◆ Data section ◆

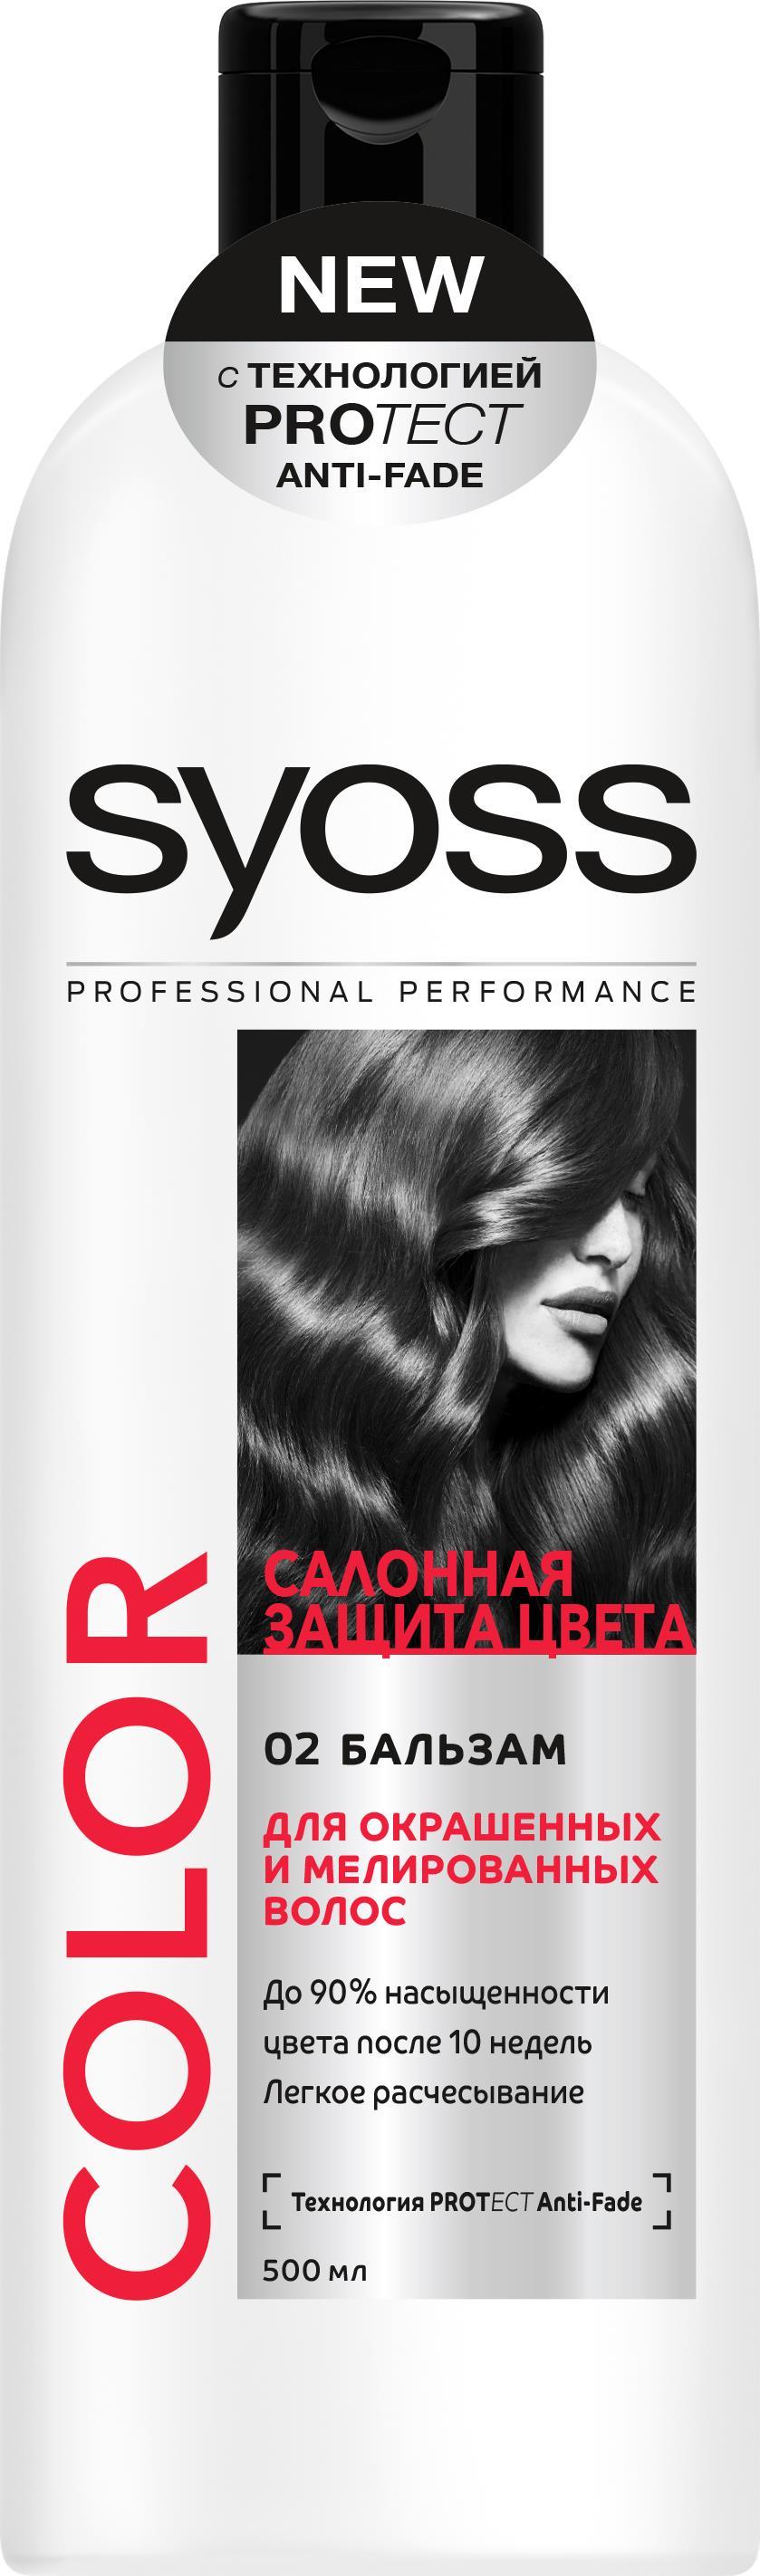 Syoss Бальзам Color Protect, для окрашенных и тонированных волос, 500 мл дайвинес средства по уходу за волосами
...
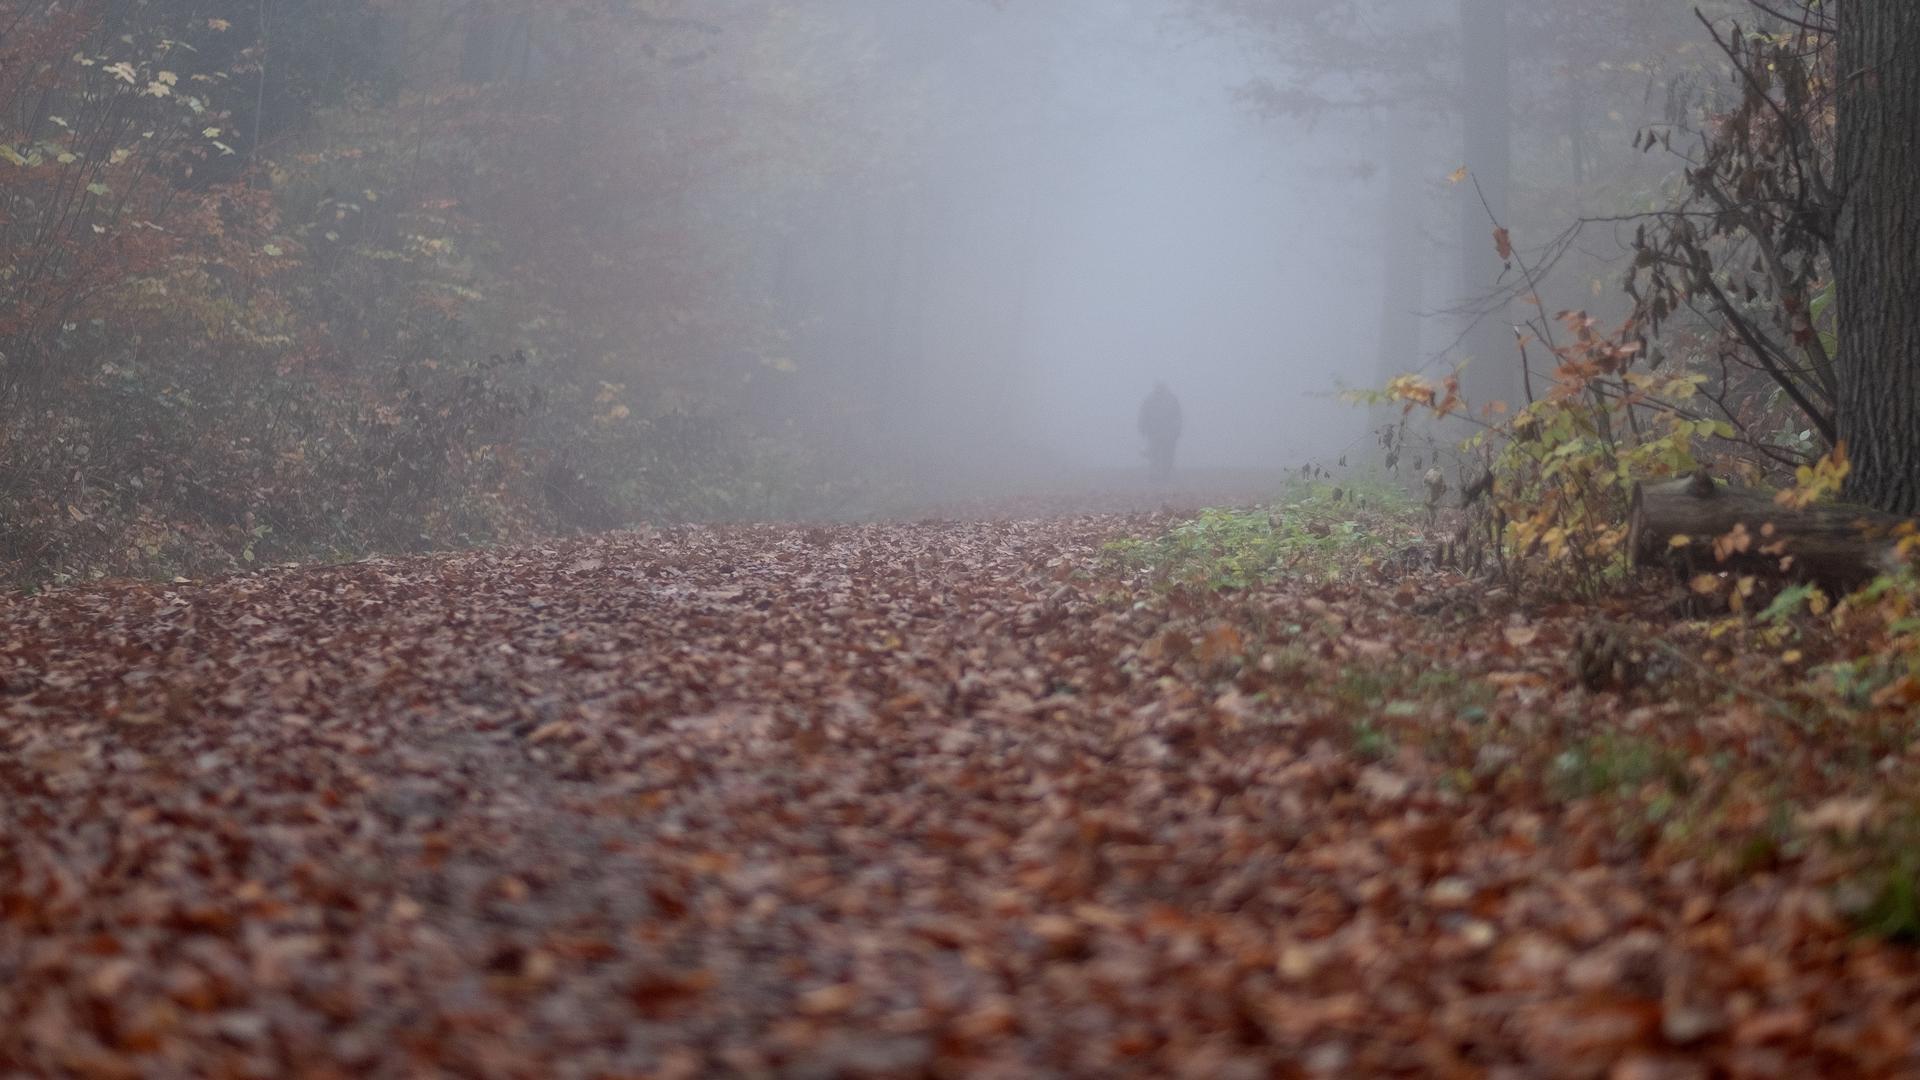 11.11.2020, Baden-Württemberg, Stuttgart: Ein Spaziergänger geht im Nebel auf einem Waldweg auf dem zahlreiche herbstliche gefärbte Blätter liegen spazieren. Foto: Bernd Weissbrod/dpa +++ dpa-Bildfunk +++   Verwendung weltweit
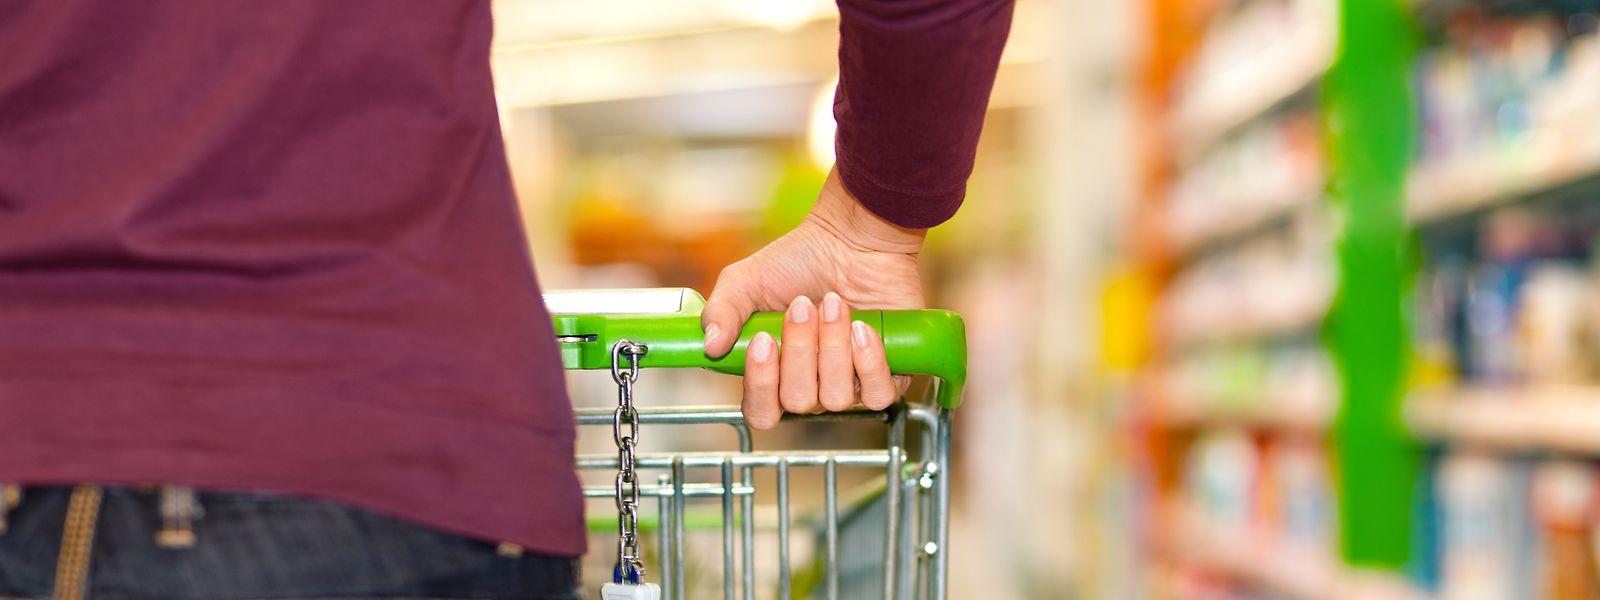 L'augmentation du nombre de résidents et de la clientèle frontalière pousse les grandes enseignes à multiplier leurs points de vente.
* * *
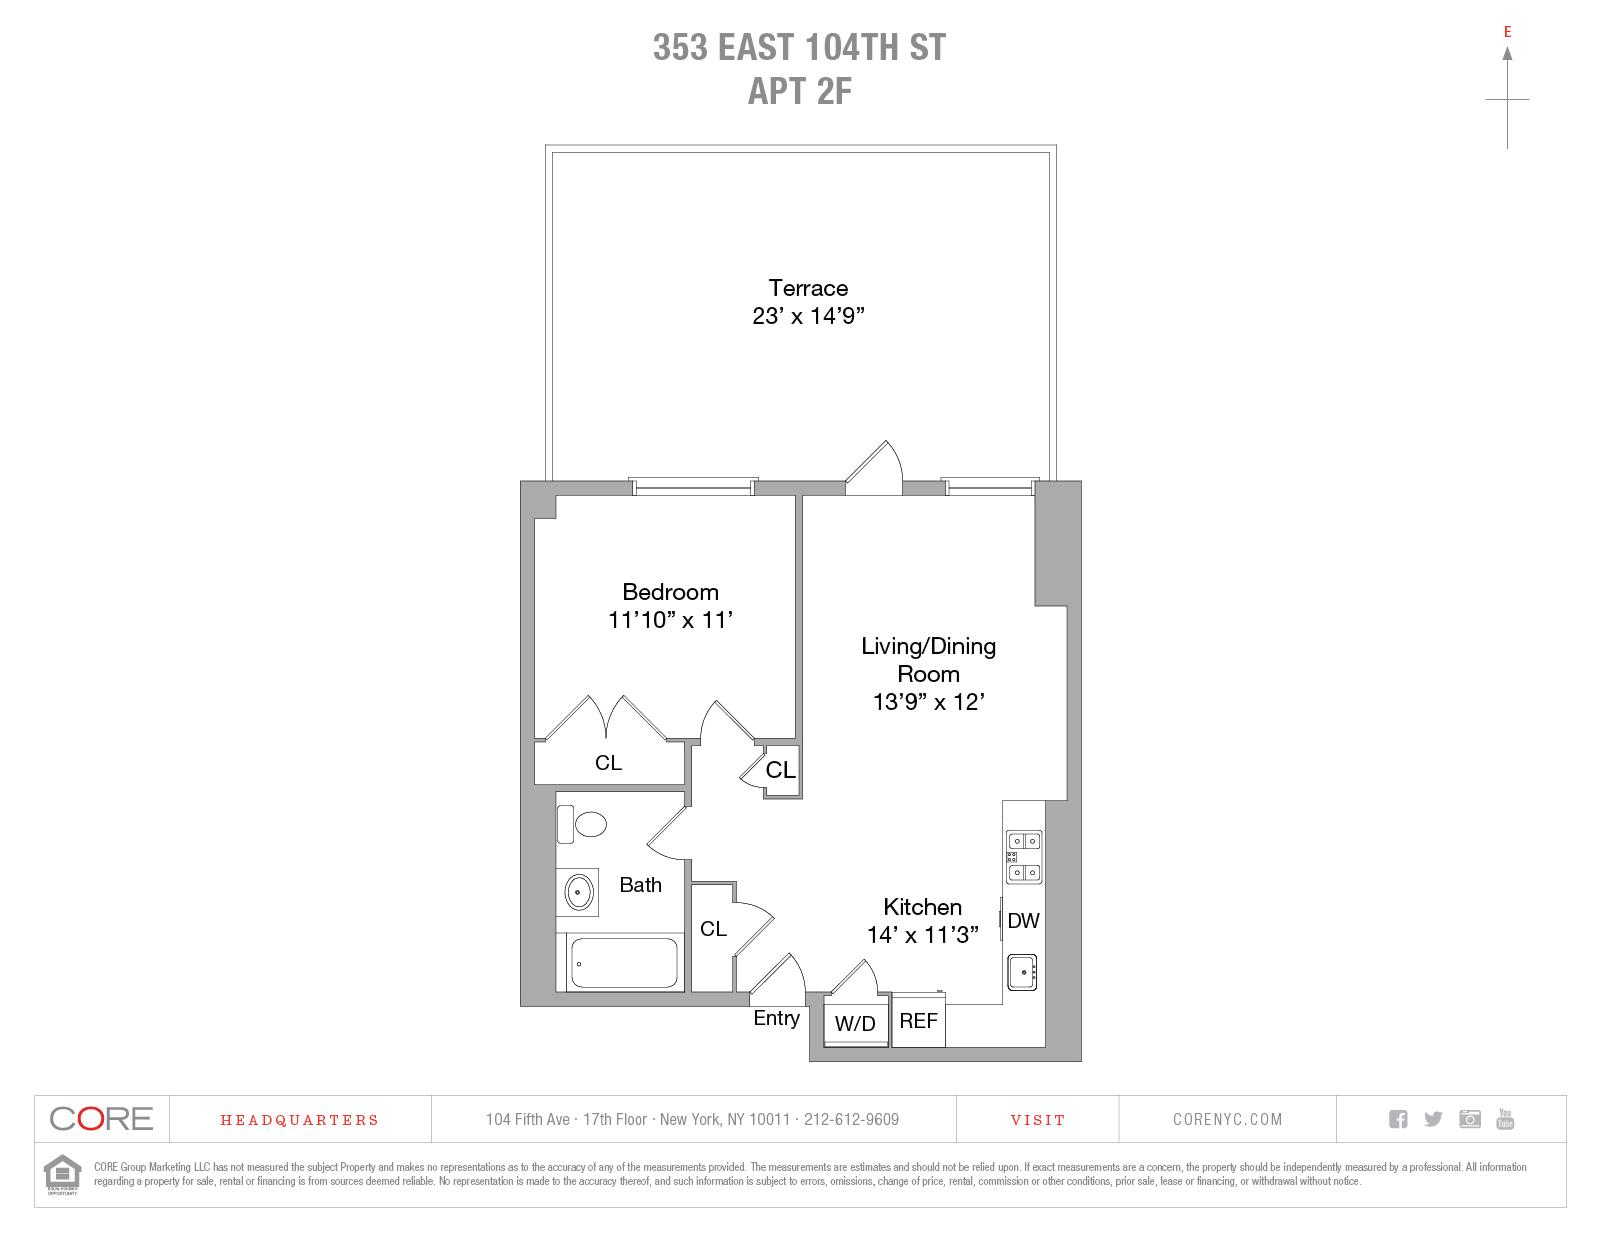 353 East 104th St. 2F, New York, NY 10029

◆ Assigned task ◆
Would you print exactly the lines in the listing above, from the line bearing "11.11.2020, Baden-Württemberg, Stuttgart: Ein" through the line bearing "L'augmentation du nombre", leaving out all pictures?

◆ Response box ◆
 11.11.2020, Baden-Württemberg, Stuttgart: Ein Spaziergänger geht im Nebel auf einem Waldweg auf dem zahlreiche herbstliche gefärbte Blätter liegen spazieren. Foto: Bernd Weissbrod/dpa +++ dpa-Bildfunk +++   Verwendung weltweit
 L'augmentation du nombre de résidents et de la clientèle frontalière pousse les grandes enseignes à multiplier leurs points de vente.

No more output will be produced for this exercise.